Transdermal hormone replacement therapy (HRT) does not reduce the risk of cardiac events in postmenopausal women with existing coronary artery

Transdermal hormone replacement therapy (HRT) does not reduce the risk of cardiac events in postmenopausal women with existing coronary artery disease (CAD). In the PHASE trial (Papworth HRT Atherosclerosis Study), researchers randomized 255 postmenopausal women with angiographically proven coronary artery disease to receive either transdermal HRT--17-beta-estradiol with or without cyclic norethisterone--or no hormone replacement therapy. The women were followed for 4 years. Overall, 134 women received hormone replacement therapy. Of these, 58 had a previous hysterectomy. The other 121 women served as controls.

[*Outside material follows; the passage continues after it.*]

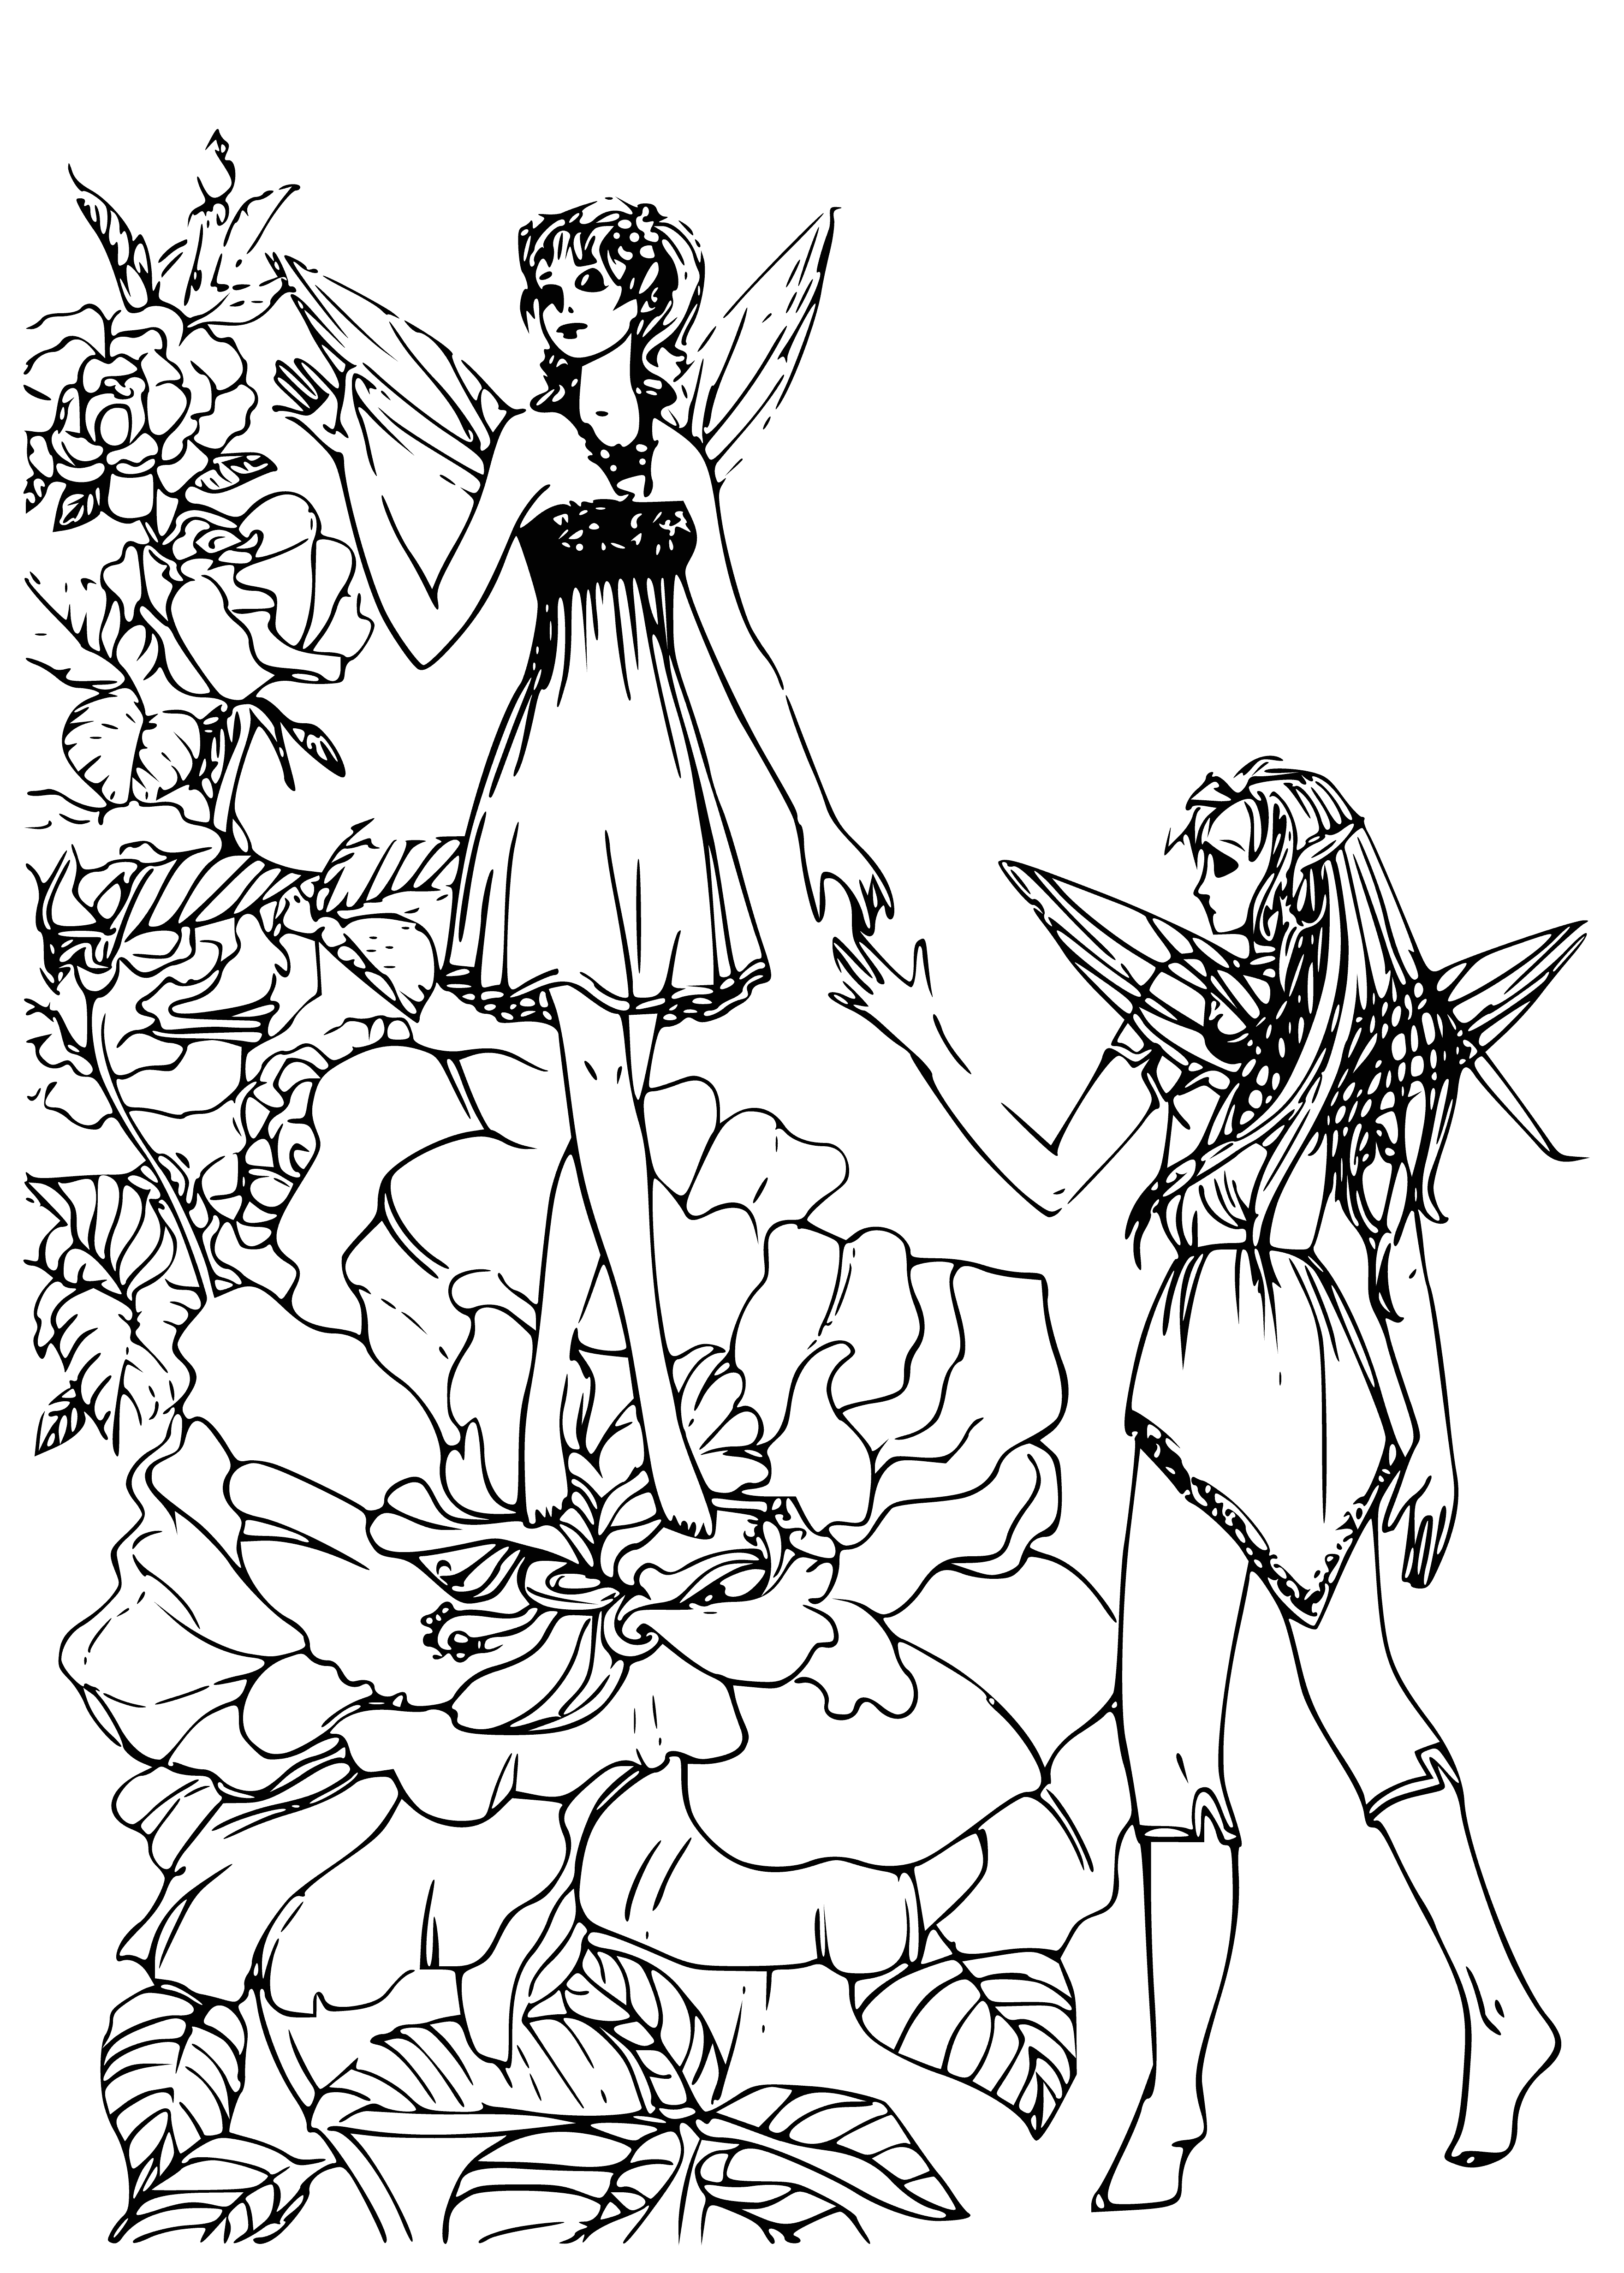 Elf and Thumbelina coloring page

On intention-to-treat analysis, there was no statistical difference in the incidence of unstable angina requiring hospitalization, MI or premature death from heart disease in women receiving HRT and women not receiving the therapy. Respectively, the average event rates were 15.6 and 12.6 per 100 patient-years. Results from the PHASE study also seem to indicate an increased risk of thromboembolic complications, such as stroke, with HRT. This observation is supported by results from the HERS study, a randomized trial carried out in the US that included 3000 women, and was designed to assess the cardioprotective effect of combined HRT in women with documented CAD. It may therefore be appropriate that women with proven coronary artery disease should not commence HRT. Nevertheless, women receiving HRT for more than 2 years should continue.